Consider the diagonal section of a prism rectangle AA 1 C 1 C. From the point H we drop a perpendicular to AC. Then N E \u003d EU \u003d H C 1 \u003d 0.5 √2. NOT \u003d C C 1 \u003d √5.

In triangles AA 1 C and N PC angle PCA is common. The tangent of the angle AA 1 C is 5√2 : √5 = √10 Tangent of angle H N E from triangle H N E is equal to √5: 0.5 √2 = √10 . So the angles AA 1 C and H N E are equal. But then the remaining angles A 1 AC \u003d N PC=90 ⁰ . We have A 1 C perpendicular to straight lines H N and KM, so A 1 C is perpendicular to the plane of the trapezoid CT L M. What was required to be proved.

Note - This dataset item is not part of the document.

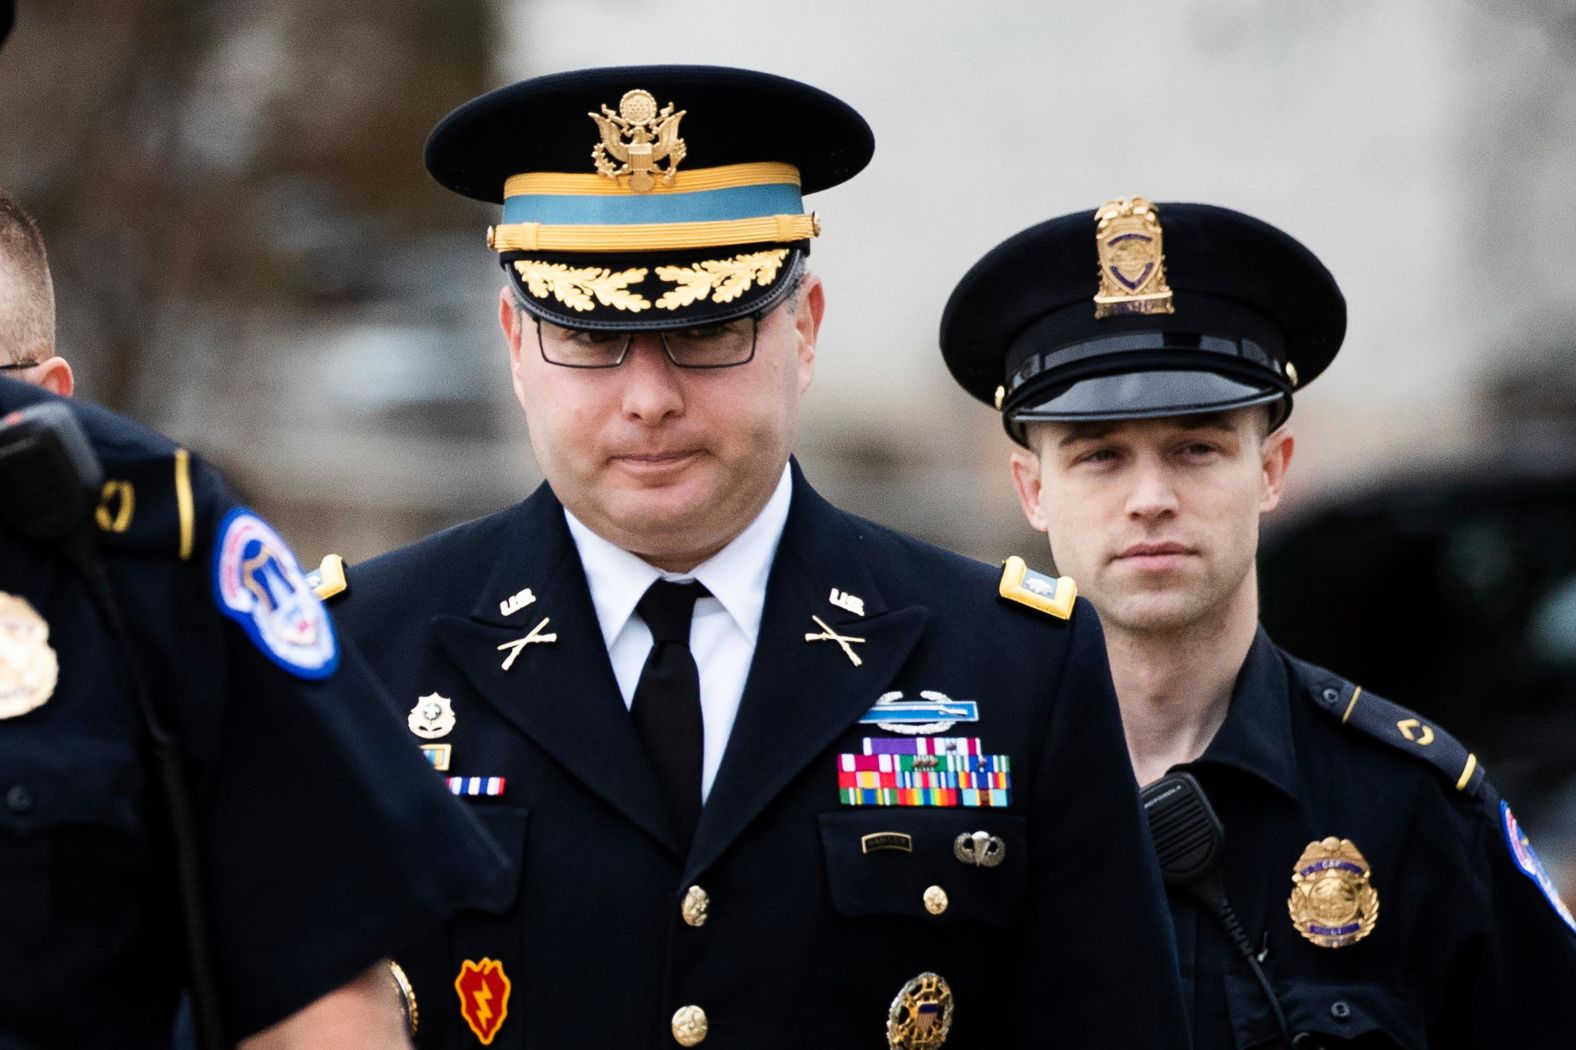 Army Lt. Col. Alexander Vindman, the top White House Ukraine expert, arrives on Capitol Hill on October 29. According to two sources present at <a href="index.php?page=&url=https%3A%2F%2Fwww.cnn.com%2F2019%2F10%2F30%2Fpolitics%2Fvindman-ukraine-aid-trump-investigations%2Findex.html" target="_blank">his deposition,</a> Vindman told congressional investigators that he was convinced that a quid pro quo existed by July 10, which was before the Trump-Zelensky phone call that is now at the heart of the impeachment inquiry.

To find the volume of the pyramid A 1 ct L M, you need to find the area of ​​the trapezoid KT L M and height A 1 R. From triangle H N E by the Pythagorean theorem H N 2 =5.5. Trapezium area CT L M is equal to H N * (T L + KM) / 2 \u003d √5.5 * (√2 + 2 √2) / 2 \u003d 1.5 √11.

Exercise.

In a regular quadrangular prism ABCDA 1 B 1 C 1 D 1, the sides of the base are equal to 3, and the side edges are equal to 4. Point E is marked on the edge AA 1 so that AE: EA 1 = 1: 3.

a) Construct the line of intersection of the planes ABC and BED 1 .

b) Find the angle between planes ABC and BED 1 .

Solution:

a) Construct a line of intersection of the planesABC andBed 1.

Let's build a plane BED 1 . Points E and D 1 lie in the same plane, so we draw a straight line ED 1 .

Points E and B lie in the same plane, so we draw a line EB. Since the faces of a regular quadrangular prism are parallel, we draw a line BF in the face of BB 1 C 1 C parallel to the line ED 1. Points F and D 1 lie in the same plane, so let's draw a straight line FD 1 . We got the required plane BED 1 .

Since the line ED 1 and the line AD lie in the same plane ADD 1, they intersect at the point K, which lies in the plane ABC. Points K and B lie in the planes ABC and BED 1, therefore, the planes ABC and BED 1 intersect along the straight line KB. The desired line of intersection of the planes ABC and BED 1 is built.

b) Find the angle between the planesABC andBed 1

The segment AE is perpendicular to the plane ABC, from the point E we drop the perpendicular EH to the line KB. The point H lies in the plane ABC, then AH is the projection of EH onto the plane ABC. Through the point H there passes a line perpendicular to the inclined line EH, then by the theorem on three perpendiculars the segment AH is perpendicular to the line KB.

The angle ∠EHA is the linear angle of the dihedral angle formed by the planes ABC and BED 1 . Angle ∠EHA is the required angle between planes ABC and BED 1 . Let's find the value of this angle.

Consider right triangle EHA (∠A = 90˚):

By condition AE: EA 1 = 1: 3, then AE: AA 1 = 1: 4.

Triangles AKE and A 1 D 1 E are similar, then

A 1 D 1 = 3, AE = 1, A 1 E = AA 1 - AE = 3

Consider a right triangle AKB (∠А = 90˚).